You're dealing with RSS/Atom feeds which can contain multiple title
tags. You need to iterate over all title
nodes and extract their content separately, in a way that lets you keep track of their order and what article they're attached to:
require 'nokogiri'
doc = Nokogiri::XML(<<EOT)
<feed xmlns="http://www.w3.org/2005/Atom">
<entry>
<title type="html">
<![CDATA[ First Post! ]]>
</title>
<content type="html">
<![CDATA[
<p>I’m very excited to have finally got my site up and running along with this blog!</p>]]>
</content>
</entry>
</feed>
EOT
doc.search('title').map(&:text)
# => ["\n First Post! \n "]
This returns an array of the text inside the title
nodes. From there you can easily clean up each string, manipulate them, reuse them, whatever.
doc.search('title').map{ |s| s.text.strip }
# => ["First Post!"]
search
returns a NodeSet, which is akin to an array of title
nodes found in the document. If you don't iterate over them you'll get a concatenated string containing all their text, which is usually NOT what you want:
require 'nokogiri'
doc = Nokogiri::XML(<<EOT)
<foo>
<title>this</title>
<title>is</title>
<title>what</title>
<title>you'd</title>
<title>get</title>
</foo>
EOT
doc.search('title').text
# => "thisiswhatyou'dget"
versus:
doc.search('title').map(&:text)
# => ["this", "is", "what", "you'd", "get"]
Trying to tear apart the first result is impossible unless you have prior knowledge of the document's structure which is usually not true. Iterating over the returned NodeSet will yield very usable results.
To maintain consistency with the various title
tags in a feed, you need to loop over the entries, then extract the embedded titles which is a bit different than what your sample XML and code shows:
require 'nokogiri'
doc = Nokogiri::XML(<<EOT)
<feed xmlns="http://www.w3.org/2005/Atom">
<entry>
<title type="html">
<![CDATA[ First Post! ]]>
</title>
<content type="html">
<![CDATA[
<p>I’m very excited to have finally got my site up and running along with this blog!</p>]]>
</content>
</entry>
<entry>
<title type="html">
<![CDATA[ Second Post! ]]>
</title>
<content type="html">
<![CDATA[
<p>blah</p>]]>
</content>
</entry>
</feed>
EOT
titles = doc.search('entry').map { |entry|
entry.at('title').text.strip
}
titles # => ["First Post!", "Second Post!"]
Or perhaps more usable:
titles_and_content = doc.search('entry').map { |entry|
[
entry.at('title').text.strip,
entry.at('content').text.strip
]
}
titles_and_content
# => [["First Post!",
# "<p>I’m very excited to have finally got my site up and running along with this blog!</p>"],
# ["Second Post!", "<p>blah</p>"]]
which returns the title and the content for each entry. From this you can easily build up code to extract the links to the articles, date of publishing, refresh-rates, original site, everything you'd want to know about an individual article and its source, then store it in a database for later regurgitation when requested.

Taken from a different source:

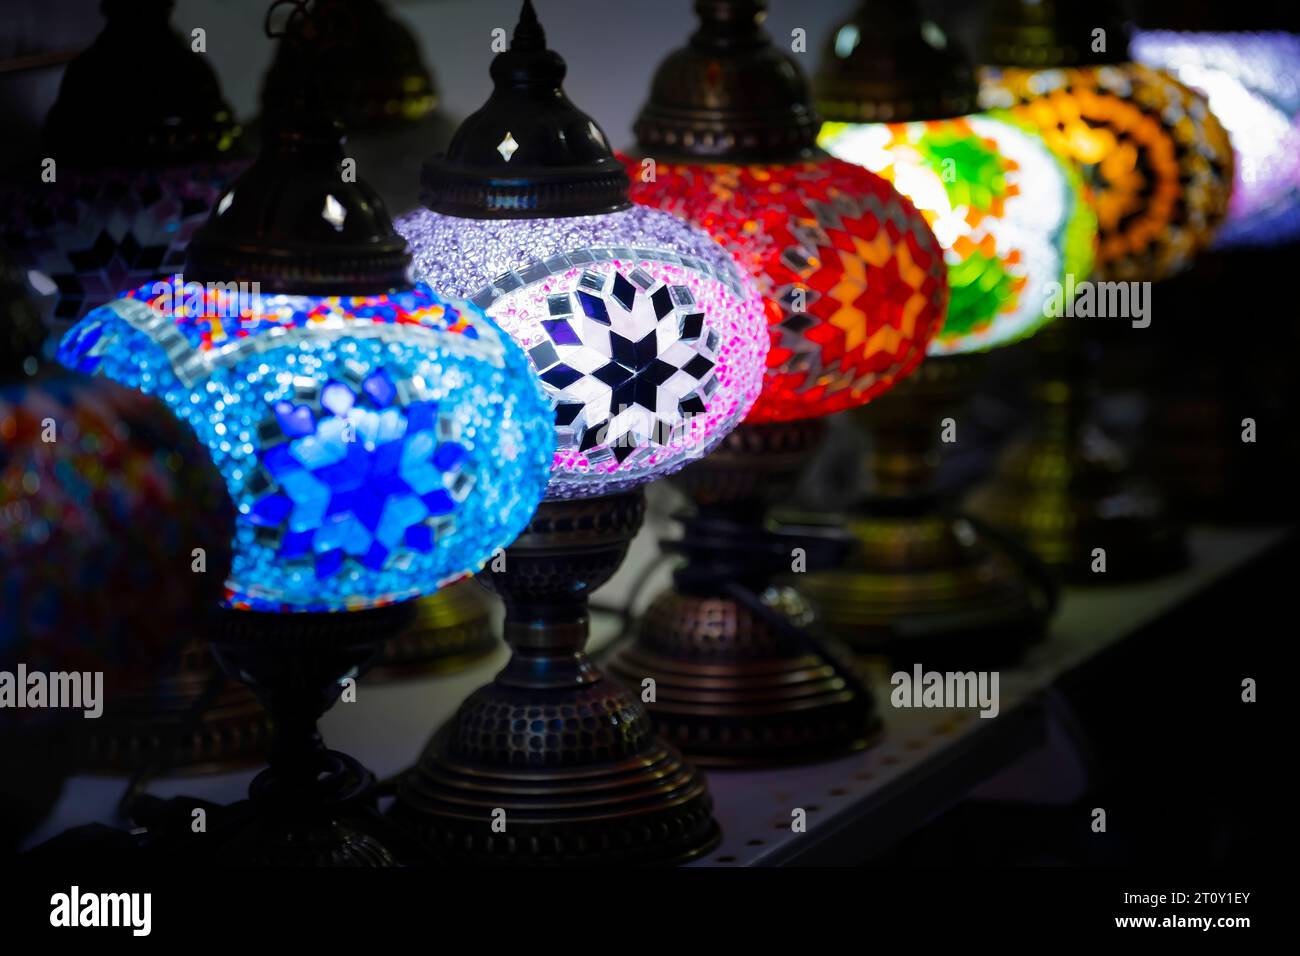 Perspektivische Ansicht eines typischen Buntglasleuchters der Basare von istanbul, türkei, selektiver Fokus, kristallfarbige Lampen, Diagonale des Lichts Stockfoto
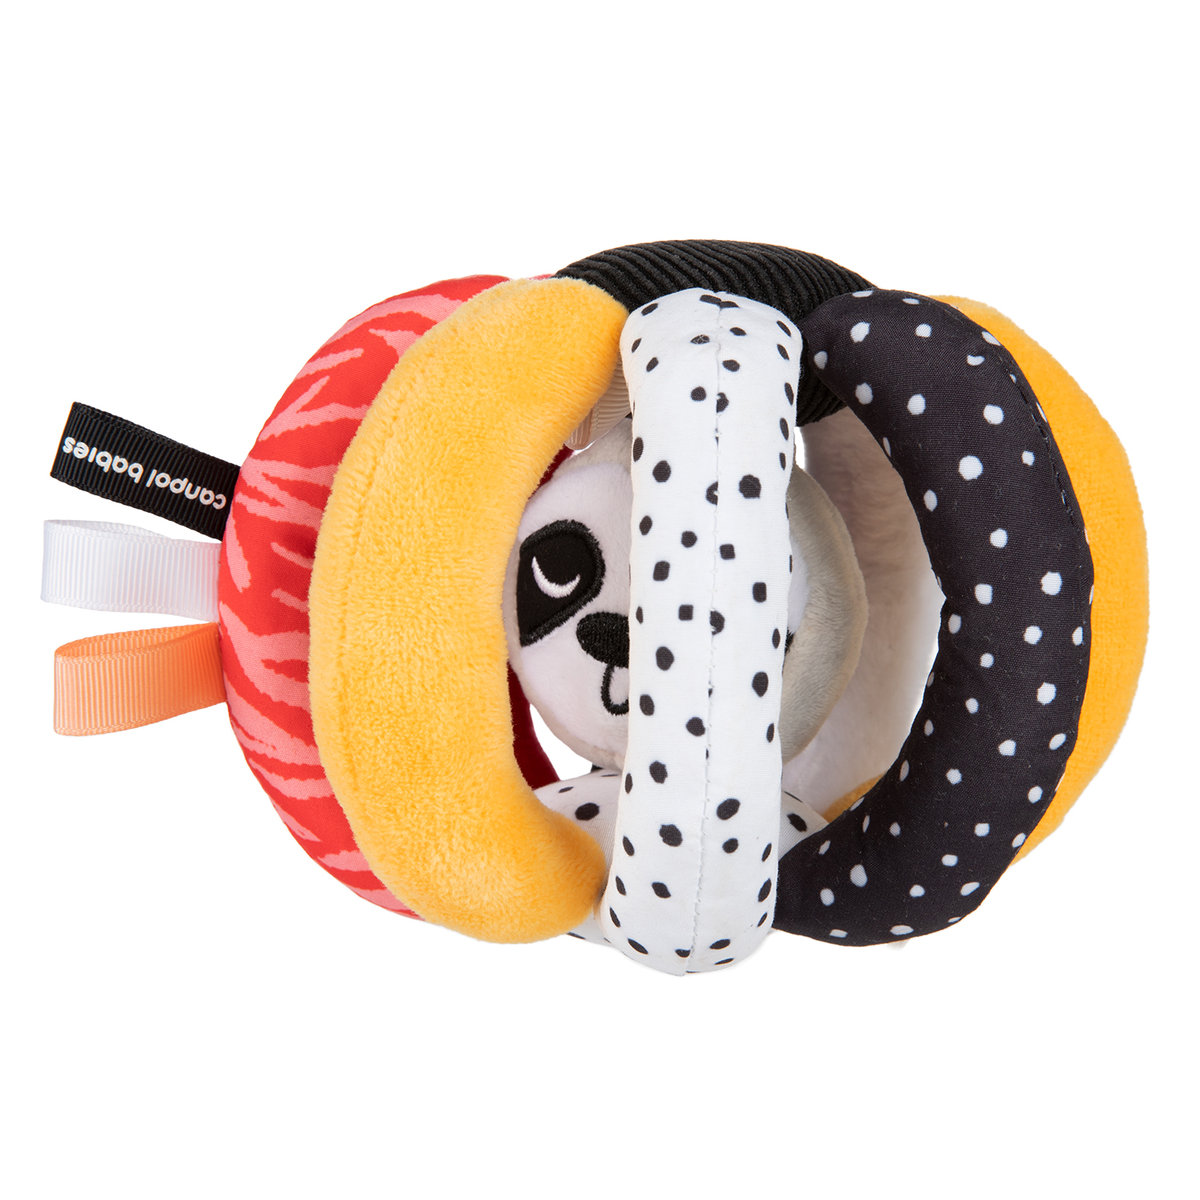 Фото - Інтерактивні іграшки Canpol Babies sensoryczna piłka z grzechotką i piszczkiem BabiesBoo

There are gems and scripts available for processing RDF, RSS and Atom feeds, however, years ago, when I had to write a huge aggregator for feeds, nothing was available that met my needs and I wrote one from scratch. I'd recommend trying to find one rather than reinvent that wheel, otherwise look through their source and learn from their experience. There are a number of things to do in code to be a good network-citizen that doesn't swamp the servers and get you banned.
See "How to avoid joining all text from Nodes when scraping" also.